The proportion of patients receiving CT within one hour increased from 43% to 66%, a statistically significant improvement that aligns with NHS performance standards. Although the percentage of patients receiving CT within 30 minutes also increased – from 28% to 45% – this difference did not reach statistical significance, likely reflecting limited statistical power due to the sample size. Nonetheless, the trend suggests that ISS contributed to earlier imaging and improved workflow efficiency.
Beyond these improvements in central tendency and target achievement, the K-S test demonstrated a statistically significant shift in the overall distribution of CT times between groups. This finding indicates that the intervention not only reduced the median time but also influenced the broader pattern of imaging times, with a higher proportion of patients in the post-intervention group undergoing CT within shorter intervals. The cumulative distribution plot further illustrates this effect, suggesting that ISS helped create a more consistent and efficient trauma care pathway by reducing prolonged delays and improving the reliability of timely CT access.
The substantial reduction in time to CT observed in this study aligns with the primary goal of utilizing ISS to enhance clinical efficiency in trauma resuscitation. This improvement is clinically significant, considering that timely CT imaging is crucial for the early diagnosis of traumatic injuries and the prompt initiation of appropriate treatment. The findings suggest that incorporating regular ISS sessions into the ED’s routine training can lead to measurable improvements in actual time-sensitive clinical outcomes.
Previous studies have highlighted the benefits of simulation-based training in improving trauma team performance and patient outcomes. For instance, Steinemann et al. [4] reported that in situ multidisciplinary simulation-based teamwork training enhances early trauma care, which is consistent with our findings. Similarly, Knobel et al. [3] demonstrated that regular in situ team-based training in trauma resuscitation enhances confidence and clinical efficiency among team members. Our study adds to this body of evidence by showing that such training can specifically reduce time to CT in a real-world ED setting.

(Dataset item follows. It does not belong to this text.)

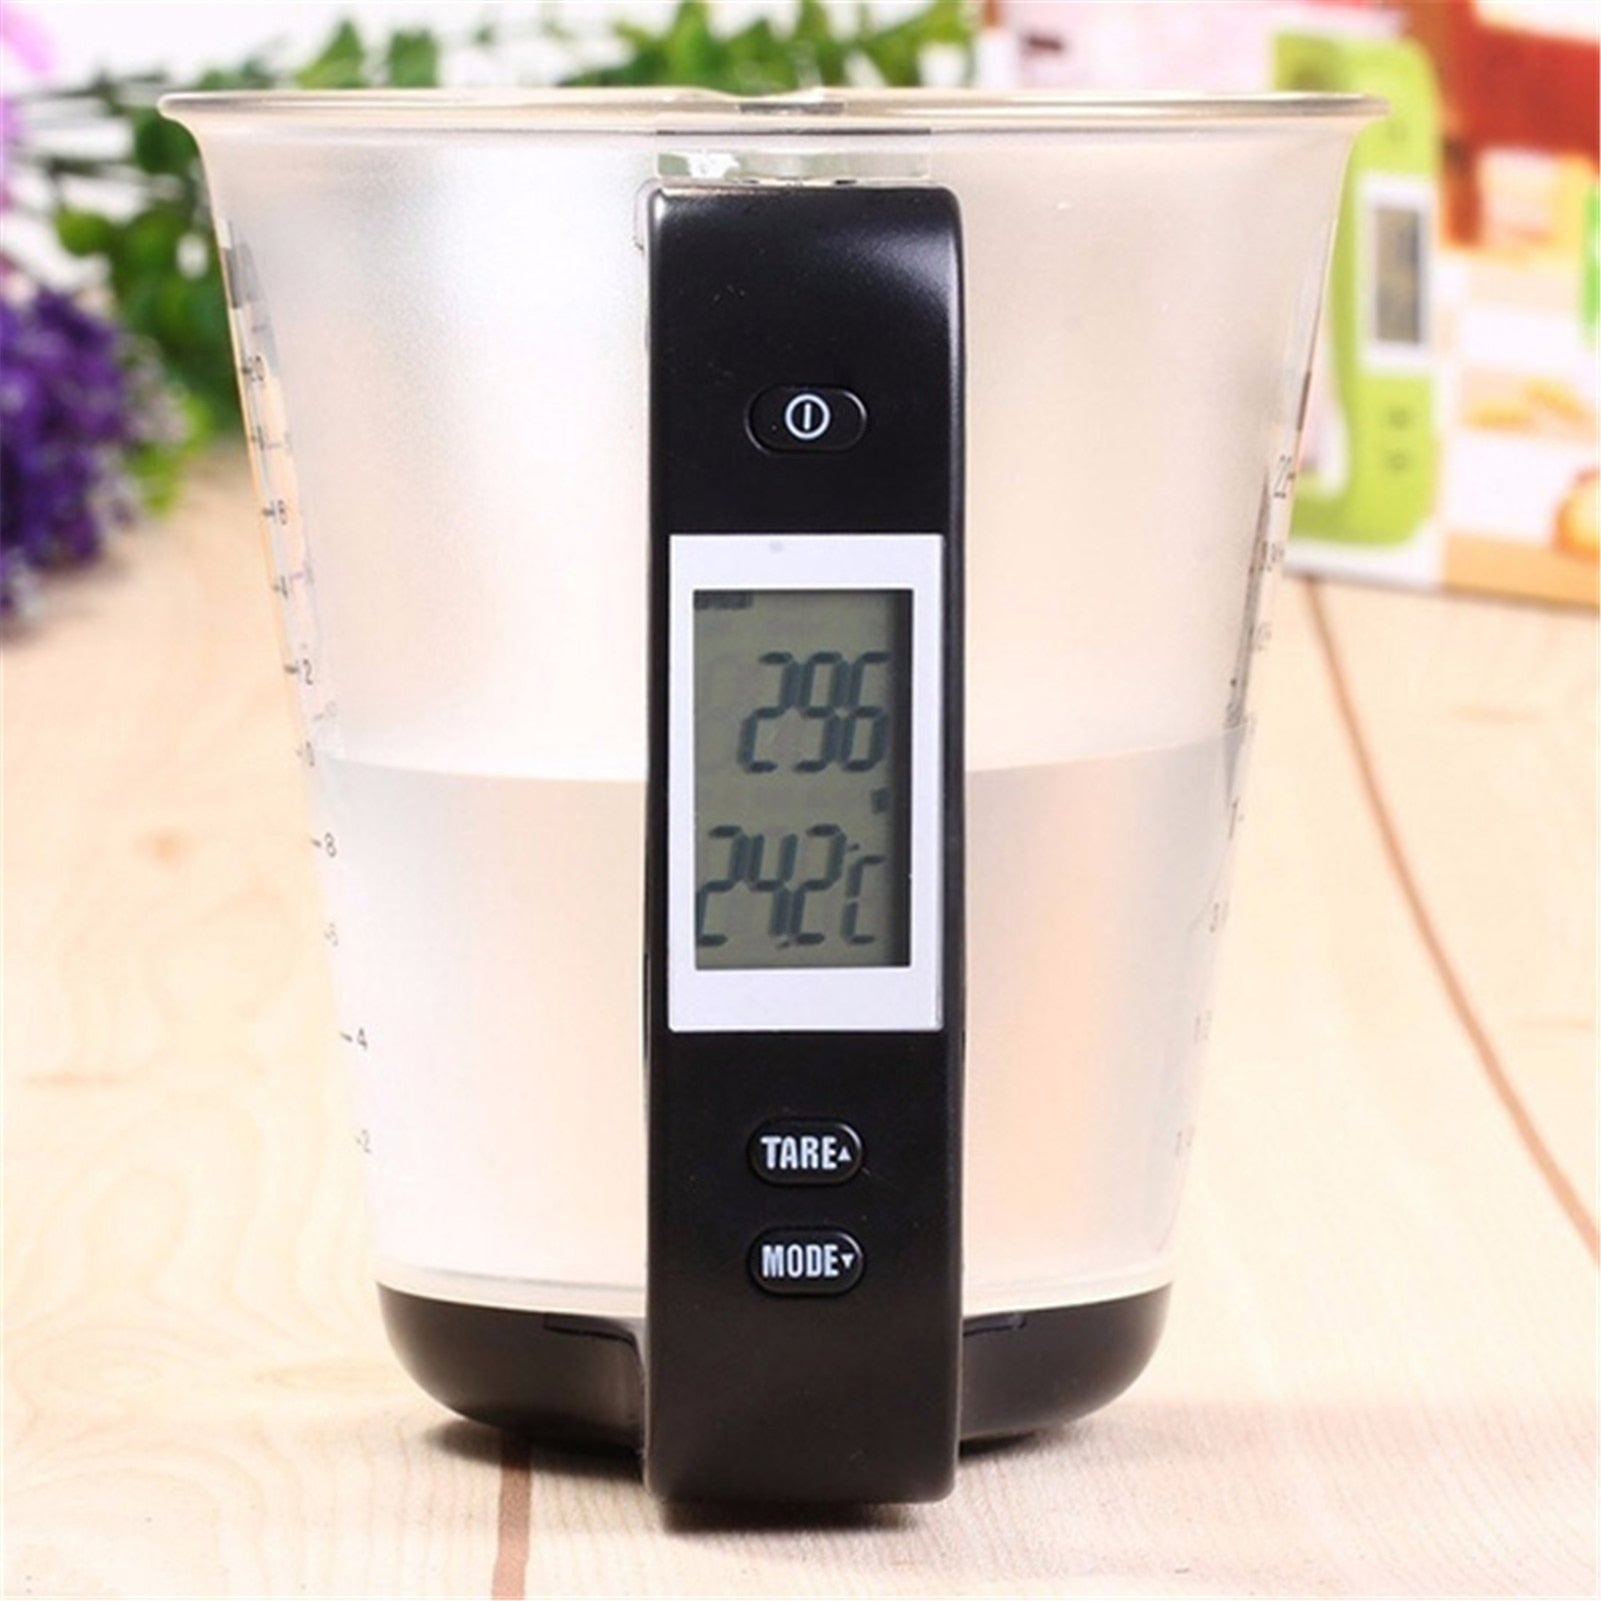 1000g Electronic Digital Kitchen Measurement Cup with LCD Display

Several factors likely contributed to the observed improvement in time to CT:
1.Enhanced team coordination and communication: Regular simulation training likely improved the coordination and communication skills of the trauma team, enabling them to perform more efficiently during actual resuscitations.
2.Familiarity with protocols and equipment: Repeated practice in a realistic environment using actual department resources and equipment may have increased the team’s familiarity and comfort with the processes and protocols required for rapid patient assessment and transfer to CT.
3.Crisis Resource Management (CRM) Skills: The focus on CRM objectives during simulations, such as planning, prioritization and resource utilization, likely contributed to better team performance during real trauma cases.
Implementing regular ISS in our ED provided valuable insights beyond measurable outcomes. One of the most significant lessons was the importance of tailoring scenarios to reflect the actual workflow, equipment and interprofessional dynamics of our trauma team. Conducting simulations in the real clinical environment fostered greater engagement and realism, but also posed logistical challenges, such as coordinating staff schedules and minimizing disruptions to patient care. Ensuring buy-in from all team members, particularly during busy clinical periods, required clear communication about the objectives and value of the training.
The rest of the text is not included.